YOU NEED TO KNOW HOW DOES THE NIDHI COMPANY USE FUND IT RECEIVES?

Nidhi Companies are non-banking financial institutions (NBFCs) in India that are primarily involved in borrowing and lending money between their members. These companies are categorized under Section 406 of the Companies Act, 2013, and are regulated by the Ministry of Corporate Affairs, Government of India. The primary objective of a Nidhi company is to cultivate the habit of thrift and savings among its members. Visitofficialwebsite

Core Functions and Objectives:

Nidhi Companies have specific objectives and core functions:

  • Promoting Savings: They encourage members to save money regularly, fostering a culture of thrift.

  • Providing Loans: Nidhi Companies primarily lend to their members, supporting their financial needs, especially in areas with limited access to traditional banking services.

  • Mutual Benefit: The focus is on benefiting members within the community, thereby promoting self-help and financial cooperation.

Mobilization of Funds:

Nidhi Companies receive funds primarily through the following avenues:

  • Savings Accounts: Members deposit their savings into Nidhi Companies’ savings accounts.

  • Fixed Deposits: Nidhi Companies offer fixed deposit schemes to attract funds from members.

  • Recurring Deposits: Regular monthly savings deposited by members contribute to fund mobilization.

  • Loans and Advances: The interest on loans granted to members forms a source of revenue.

Fund Utilization for Lending:

Nidhi Companies utilize the funds they receive primarily by lending to members:

  • Loan Products: They offer various loan products, such as personal loans, gold loans, and small business loans, to cater to the diverse financial needs of members.

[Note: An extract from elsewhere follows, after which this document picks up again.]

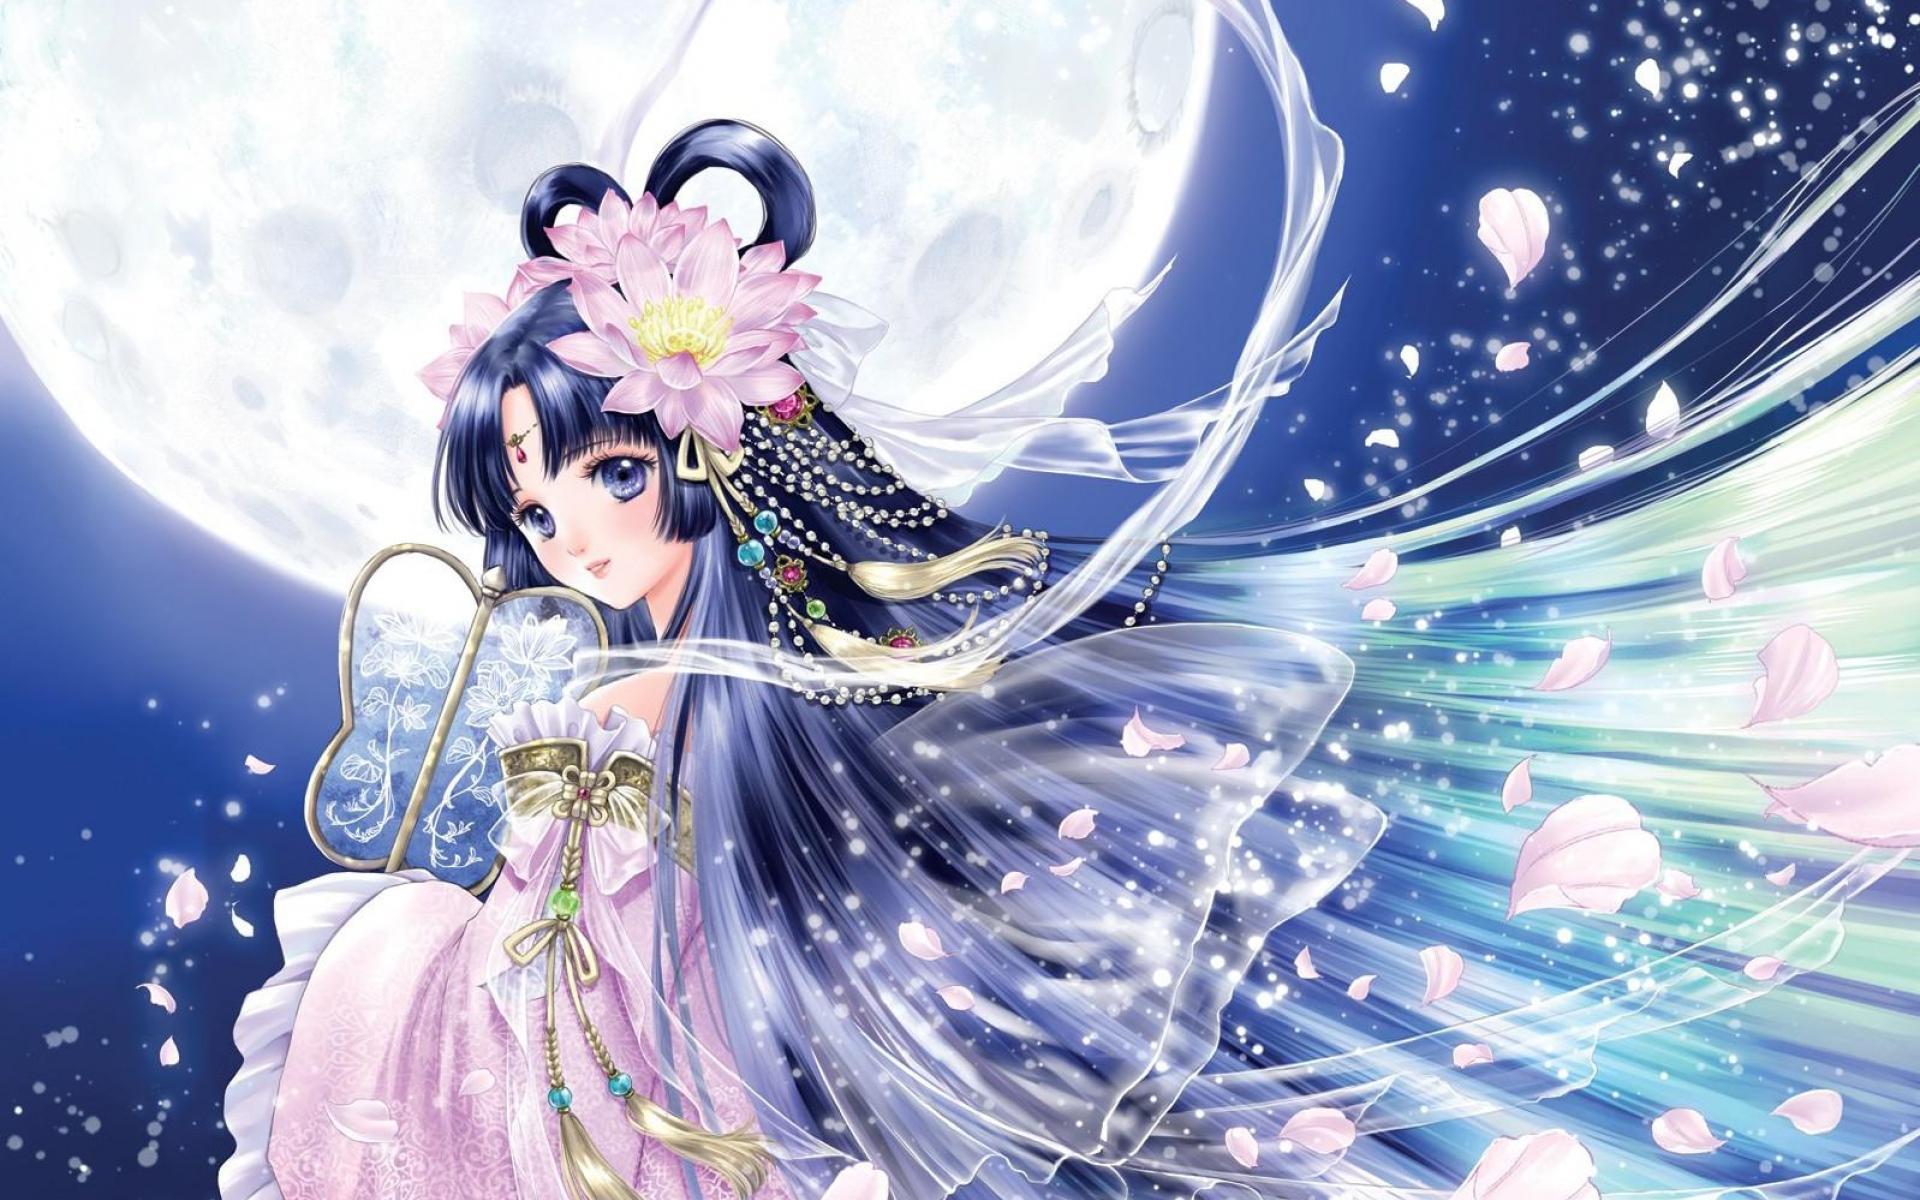 Anime Princess Wallpaper Hd Bestpicture1 Org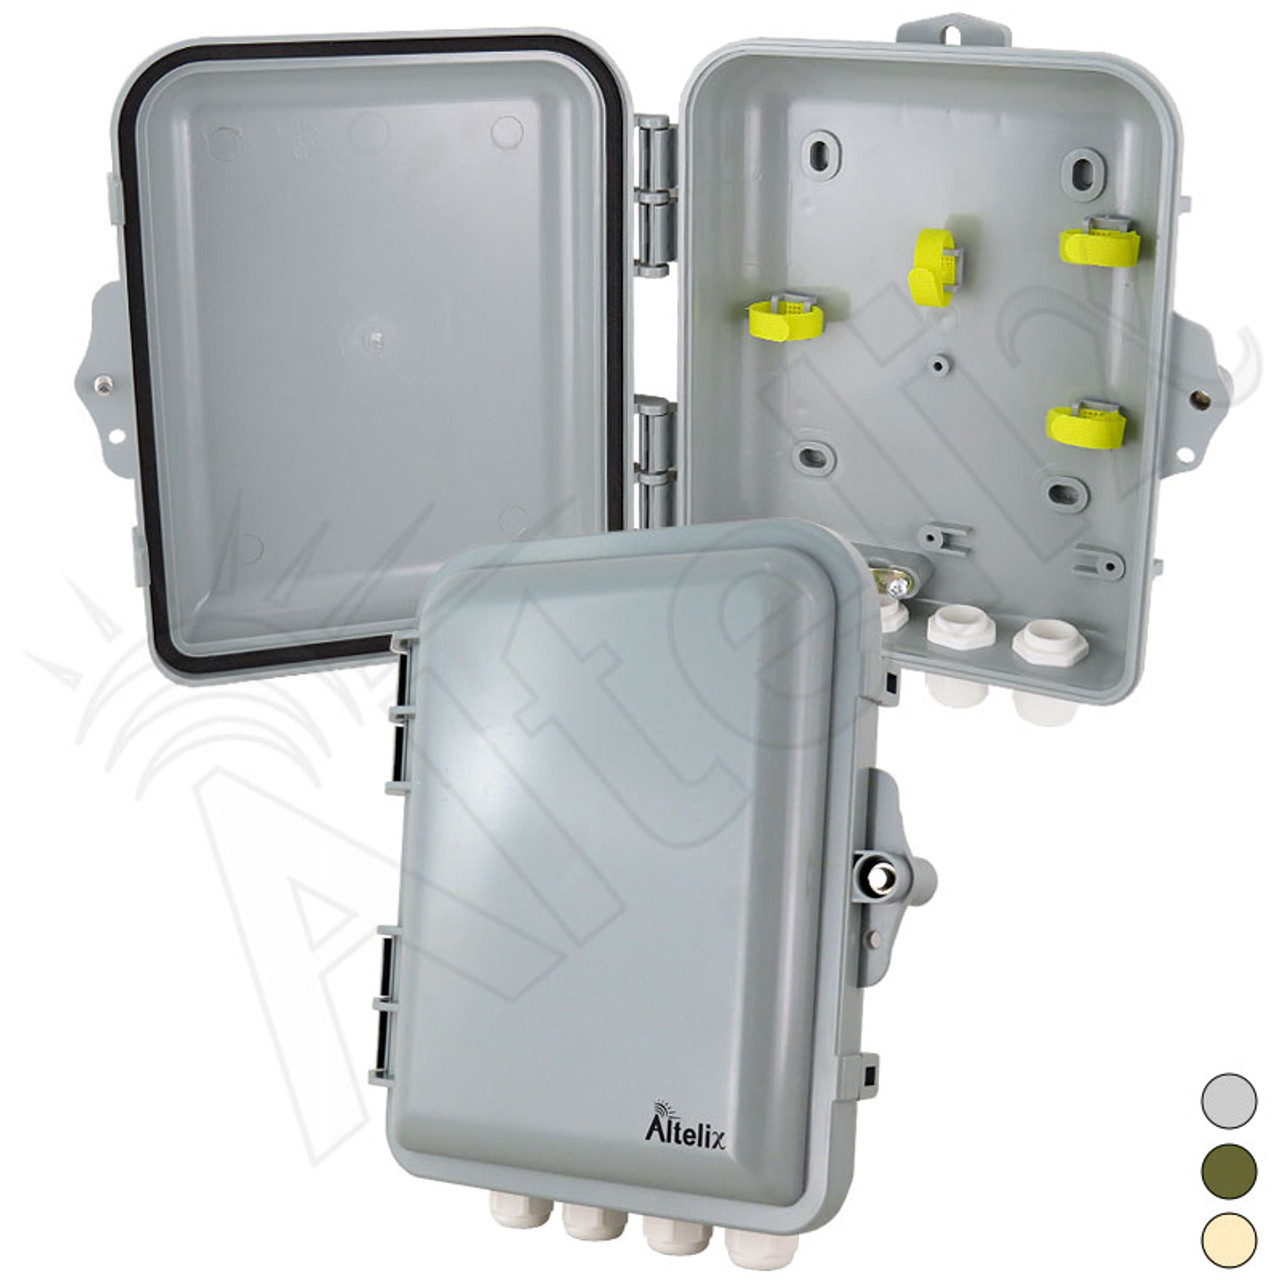 Altelix 9x8x3 PC+ABS Vented Weatherproof NEMA Utility Box with Hinged Door

  • Credit Evaluation: Nidhi Companies assess the creditworthiness of members applying for loans and determine the loan amount and terms.

  • Interest Income: Interest charged on loans becomes a source of income for the Nidhi Company.

Is Nidhi Company a chit fund

A Nidhi Company is an NBFC that can only lend money or accept deposits, whereas a Chit Fund is also a committee like a Nidhi Company but only accepts payments made in instalments over a set period of time by its members. This is the main distinction between the two.

How do I register a nidhi company

Nidhi Company is a Non-Banking Financial Company that is regulated by the Reserve Bank Of India. It provides the service of lending and depositing to its member. Nidhi Company is registered as a Public Company. A minimum of seven members is needed to start a Nidhi Company and three members must be the directors of the company.

The procedure of Nidhi Company Registration:

  • Obtain DSC (Digital Signature Certificate)
  • Obtain DIN (Director Identification Number)
  • Apply for Name Approval, fill out the reserve unique name form for the reservation of Name.
  • Drafting of MOA and AOA under INC 32, INC 33
  • Submit the online application for a Certificate of Incorporation
  • After the approval of the document, the registrar provides the CIN along with PAN and TAN.

Financial Inclusion and Empowerment:

Nidhi Companies play a significant role in promoting financial inclusion:

  • Serving Underserved Areas: Nidhi Companies extend their services to areas where traditional banks are limited or absent.

  • Small Business Support: They offer credit to small business owners, contributing to local economic development.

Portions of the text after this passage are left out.